RESULTS OF OPERATIONS


REVENUE
(In millions)


                                                    First Quarter Ended August 31,
                                      -------------------------------------------------------     ------------
                                               1998                          1997                   Increase
                                      -------------------------     -------------------------     ------------
                                                                                     
Revenue:
   Health Information Services         $109.4           57%          $ 75.3           51%              45%
   Electronic Commerce:            
      Integrated Payment Systems         48.4           25%            38.8           26%              25%
      Global Payment Systems             41.5           22%            40.4           27%               3%
      Intercompany Revenue               (7.6)          (4%)           (6.6)          (4%)             15%
                                      -------------------------------------------------------------------- 
                                         82.3           43%            72.6           49%              13%
                                      -------------------------------------------------------------------- 
          Total Revenue                $191.7          100%          $147.9          100%              30%
                                      ====================================================================



     Total revenue for the first quarter fiscal 1999 was $191.7 million, an
increase of $43.8 million (30%) from the same period in fiscal 1998. The
increase resulted from increased revenue in Health Information Services, $34.1
million (45%); and in the Electronic Commerce business, specifically, Integrated
Payment Systems, $9.6 million (25%), and Global Payment Systems, $1.1 million
(3%).
 
     Health Information Services.  Health Information Services revenue growth
     ----------------------------                                            
(45%) in the first quarter fiscal 1999 was a result of increases from internally
developed products and services.   In addition, revenue growth resulted from the
impact of a third quarter fiscal 1998 acquisition which had two related
healthcare information management businesses, Source Informatics Inc. ("Source")
and a subsidiary of Pharmaceutical Marketing Services Inc. ("PMSI").

     Integrated Payment Systems.  The Integrated Payment Systems revenue
     ---------------------------                                        
increase of $9.6 million (25%) reflects the impact of growth of the industry,
programs directed at new vertical industry offerings and new distribution
channels, in addition to growth in basic market demand.  This growth was
reflected in an increase in the volume of merchant sales processed, due to a
larger customer base and higher consumer credit card spending.  In addition, the
fourth quarter fiscal 1998 acquisition of CheckRite International, Inc.
contributed to the first quarter fiscal 1999 revenue growth.

     Global Payment Systems.  Global Payment Systems ("Global") revenue reflects
     -----------------------                                                    
an increase in the number of authorizations performed for the Company's
customers under the historic network services business.
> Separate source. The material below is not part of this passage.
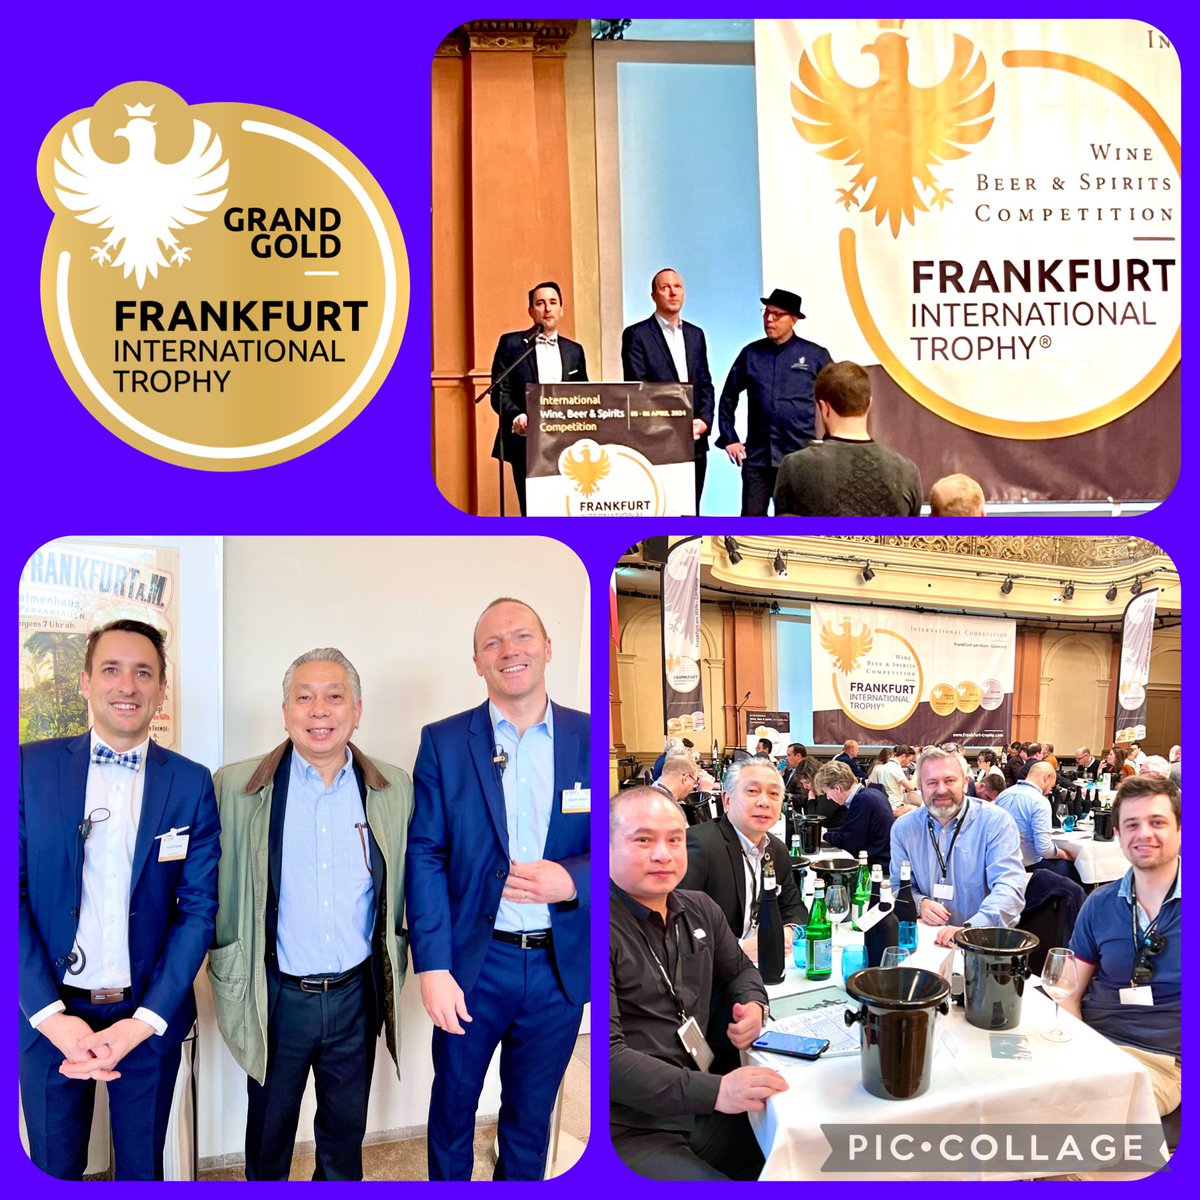 All these people participate in this international competition makes it Grand Gold concours!💮

#frankfurtinternationaltrophy #frankfurtinternational #frankfurtwinetrophy
#wsetspiritseducator #awamorijinbner #internationaldrinksspecialists #wsetwineeducator

New back office services
are in the development and sales cycle and did not have a material impact on the
first quarter fiscal 1999 reported results.

     Intercompany.  A portion of Global's revenue is derived from intercompany
     -------------                                                            
sales of services, primarily for processing services provided for the Integrated
Payment Systems product and services.

                                                                               7

 
COSTS AND EXPENSES

 
     Cost of service increased $25.3 million (34%) in the first quarter fiscal
1999 from the same period in fiscal 1998.  The increase was primarily a result
of increased operating costs associated with revenue growth and higher cost of
service in new acquisitions, primarily Physician Support Services, Inc. ("PHSS")
to support expected revenue growth in the physician management services area.
Total cost of service, as a percentage of revenue increased from 51% in the
first quarter of fiscal 1998 to 52% for the same period of fiscal 1999.  The
Company continues to make investments to leverage its computer operations,
telecommunication infrastructure, and investments in new market opportunities.
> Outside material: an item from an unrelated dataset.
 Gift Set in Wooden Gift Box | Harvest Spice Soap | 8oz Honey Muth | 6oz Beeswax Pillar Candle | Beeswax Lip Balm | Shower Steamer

     Sales, general and administrative expenses ("SG&A") increased $9.3 million
(18%) in the first quarter fiscal 1999 from the same period last year.  This
increase was primarily due to expenses associated with continuing investments in
product development, distribution channel expansion and the development of the
Health Information Services branding program for future revenue growth.
However, as a percentage of revenue, these expenses decreased to 32% for the
first quarter fiscal 1999 from 35% for the same period in fiscal 1998.  SG&A
expenses continue to decrease as a percentage of revenue since revenues are
growing at a faster rate than these expenses.  The decrease as a percentage of
revenue also reflects synergies realized from the integration of acquisitions
and the timing of discretionary program expenses.

OPERATING INCOME

     Operating income increased from $21.8 million in the first quarter fiscal
1998 to $30.9 million (42%) in the same period of fiscal 1999.  As a percentage
of revenue, the Company's operating income margin increased 10% to 16.1% in the
first quarter fiscal 1999 from 14.7% in the same period of fiscal 1998.  These
improvements reflect improved margins in operations and profitability through
execution of strategies to reposition the base business and investments in new
market opportunities.

EARNINGS BEFORE INTEREST, TAXES, DEPRECIATION AND AMORTIZATION

     Earnings before interest, taxes, depreciation and amortization ("EBITDA")
was $43.1 million for the first quarter of fiscal 1999 and $33.5 million for the
same period in fiscal 1998 and as a percentage of revenue was 23% for both
periods.

     The Company's EBITDA formula and results as a percentage of revenue may not
be comparable to similarly titled measures reported by other companies.
However, management believes this statistic is a relevant measurement and
provides a comparable operating income measure, excluding the impact of the
amortization of acquired intangibles, potential timing differences associated
with capital expenditures and the related depreciation charges.


OTHER EXPENSE

     Total other expense increased $0.9 million for the first quarter fiscal
1999 compared to the same period in fiscal 1998. This increase was primarily the
result of increased interest expense due to borrowings on the Company's line of
credit during fiscal 1998 to finance acquisition activities.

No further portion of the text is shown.